(Records contained in a dataset)
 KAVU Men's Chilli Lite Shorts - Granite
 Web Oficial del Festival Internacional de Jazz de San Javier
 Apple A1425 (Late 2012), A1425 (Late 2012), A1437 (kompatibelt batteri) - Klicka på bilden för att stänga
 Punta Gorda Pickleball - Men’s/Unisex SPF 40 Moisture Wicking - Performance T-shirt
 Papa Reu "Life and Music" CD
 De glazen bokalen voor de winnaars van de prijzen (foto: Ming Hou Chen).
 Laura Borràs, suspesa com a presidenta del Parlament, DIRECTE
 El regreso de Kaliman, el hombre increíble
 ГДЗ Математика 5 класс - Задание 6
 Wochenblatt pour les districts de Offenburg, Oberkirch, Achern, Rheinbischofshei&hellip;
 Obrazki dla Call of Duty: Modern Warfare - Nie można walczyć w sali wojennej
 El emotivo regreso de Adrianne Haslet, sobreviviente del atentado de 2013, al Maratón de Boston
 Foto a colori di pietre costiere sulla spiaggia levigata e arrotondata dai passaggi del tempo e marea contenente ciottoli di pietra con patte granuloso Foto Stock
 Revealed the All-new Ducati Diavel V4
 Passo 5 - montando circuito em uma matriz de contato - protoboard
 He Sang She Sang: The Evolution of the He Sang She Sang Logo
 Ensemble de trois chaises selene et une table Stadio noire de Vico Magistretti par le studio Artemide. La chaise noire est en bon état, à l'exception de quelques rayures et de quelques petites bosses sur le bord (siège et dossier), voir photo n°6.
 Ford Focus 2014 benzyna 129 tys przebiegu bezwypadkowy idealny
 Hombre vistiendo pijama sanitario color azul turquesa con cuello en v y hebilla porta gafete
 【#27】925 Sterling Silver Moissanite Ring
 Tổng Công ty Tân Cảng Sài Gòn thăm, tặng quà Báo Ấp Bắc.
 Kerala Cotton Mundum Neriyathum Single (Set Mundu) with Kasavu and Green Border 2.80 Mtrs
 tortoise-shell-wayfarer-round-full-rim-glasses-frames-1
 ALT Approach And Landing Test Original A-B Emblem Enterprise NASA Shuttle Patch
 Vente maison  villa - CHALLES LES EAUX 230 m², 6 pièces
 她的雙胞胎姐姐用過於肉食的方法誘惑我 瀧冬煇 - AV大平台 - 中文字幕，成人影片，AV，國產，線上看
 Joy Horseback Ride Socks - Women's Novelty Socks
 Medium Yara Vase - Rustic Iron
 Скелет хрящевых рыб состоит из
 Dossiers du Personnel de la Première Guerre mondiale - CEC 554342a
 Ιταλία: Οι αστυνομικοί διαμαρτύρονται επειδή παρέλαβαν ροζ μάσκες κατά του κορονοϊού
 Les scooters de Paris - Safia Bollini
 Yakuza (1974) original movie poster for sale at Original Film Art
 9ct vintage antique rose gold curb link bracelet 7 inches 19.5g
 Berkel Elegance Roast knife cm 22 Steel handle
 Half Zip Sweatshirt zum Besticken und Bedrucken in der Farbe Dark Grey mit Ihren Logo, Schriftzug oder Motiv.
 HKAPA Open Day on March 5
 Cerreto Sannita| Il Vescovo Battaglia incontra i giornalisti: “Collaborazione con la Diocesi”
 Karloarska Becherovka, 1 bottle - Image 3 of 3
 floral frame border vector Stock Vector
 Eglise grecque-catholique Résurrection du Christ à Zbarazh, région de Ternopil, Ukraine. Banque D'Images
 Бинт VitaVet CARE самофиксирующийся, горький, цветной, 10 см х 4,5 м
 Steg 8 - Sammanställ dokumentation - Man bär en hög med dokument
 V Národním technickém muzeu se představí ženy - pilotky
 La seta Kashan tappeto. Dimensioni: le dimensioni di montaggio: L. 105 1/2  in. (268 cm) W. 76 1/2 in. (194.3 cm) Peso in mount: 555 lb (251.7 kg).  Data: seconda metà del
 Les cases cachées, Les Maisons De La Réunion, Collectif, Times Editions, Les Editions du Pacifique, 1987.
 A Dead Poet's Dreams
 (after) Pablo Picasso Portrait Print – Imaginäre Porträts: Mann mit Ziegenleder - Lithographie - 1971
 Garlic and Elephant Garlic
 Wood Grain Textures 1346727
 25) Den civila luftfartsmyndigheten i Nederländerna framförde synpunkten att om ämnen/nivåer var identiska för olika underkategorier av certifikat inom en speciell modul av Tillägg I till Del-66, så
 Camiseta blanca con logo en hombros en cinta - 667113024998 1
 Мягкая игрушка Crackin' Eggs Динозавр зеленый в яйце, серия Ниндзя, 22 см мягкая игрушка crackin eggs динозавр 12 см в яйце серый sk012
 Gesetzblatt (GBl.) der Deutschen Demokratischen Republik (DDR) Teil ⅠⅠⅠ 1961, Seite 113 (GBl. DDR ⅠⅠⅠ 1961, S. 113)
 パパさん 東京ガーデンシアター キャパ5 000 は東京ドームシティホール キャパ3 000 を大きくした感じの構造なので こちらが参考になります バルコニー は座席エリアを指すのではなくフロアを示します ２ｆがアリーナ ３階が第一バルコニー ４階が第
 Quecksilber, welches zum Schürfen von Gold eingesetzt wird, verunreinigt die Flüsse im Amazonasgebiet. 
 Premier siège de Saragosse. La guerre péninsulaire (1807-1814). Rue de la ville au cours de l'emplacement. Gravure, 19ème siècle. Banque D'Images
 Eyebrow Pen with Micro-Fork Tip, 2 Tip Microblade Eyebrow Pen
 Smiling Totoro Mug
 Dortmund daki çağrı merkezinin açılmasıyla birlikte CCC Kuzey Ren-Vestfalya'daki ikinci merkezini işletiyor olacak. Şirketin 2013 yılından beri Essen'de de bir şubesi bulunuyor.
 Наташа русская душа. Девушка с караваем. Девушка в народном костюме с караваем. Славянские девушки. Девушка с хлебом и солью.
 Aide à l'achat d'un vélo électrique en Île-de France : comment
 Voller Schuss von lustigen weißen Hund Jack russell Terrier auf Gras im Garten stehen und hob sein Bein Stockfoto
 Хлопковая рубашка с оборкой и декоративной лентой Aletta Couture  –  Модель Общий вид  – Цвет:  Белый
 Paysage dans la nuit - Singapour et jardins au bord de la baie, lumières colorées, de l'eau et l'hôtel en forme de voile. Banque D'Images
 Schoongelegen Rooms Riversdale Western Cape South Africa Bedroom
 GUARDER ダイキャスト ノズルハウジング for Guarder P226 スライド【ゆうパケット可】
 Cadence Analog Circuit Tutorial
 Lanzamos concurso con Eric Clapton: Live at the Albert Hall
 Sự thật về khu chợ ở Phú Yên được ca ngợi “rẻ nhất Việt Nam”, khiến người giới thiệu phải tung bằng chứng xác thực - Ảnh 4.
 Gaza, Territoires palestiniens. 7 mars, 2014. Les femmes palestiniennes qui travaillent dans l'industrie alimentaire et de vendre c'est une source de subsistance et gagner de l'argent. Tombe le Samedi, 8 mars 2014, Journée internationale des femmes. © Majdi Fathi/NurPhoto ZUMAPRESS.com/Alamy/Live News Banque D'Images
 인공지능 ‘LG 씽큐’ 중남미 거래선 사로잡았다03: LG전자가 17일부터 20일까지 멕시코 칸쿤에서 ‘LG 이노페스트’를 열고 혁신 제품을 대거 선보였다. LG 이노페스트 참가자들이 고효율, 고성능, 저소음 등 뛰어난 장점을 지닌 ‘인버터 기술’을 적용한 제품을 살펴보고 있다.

• Goal of the exercise
Report each line above containing the string "regreso".

• Result of this task
 El regreso de Kaliman, el hombre increíble
 El emotivo regreso de Adrianne Haslet, sobreviviente del atentado de 2013, al Maratón de Boston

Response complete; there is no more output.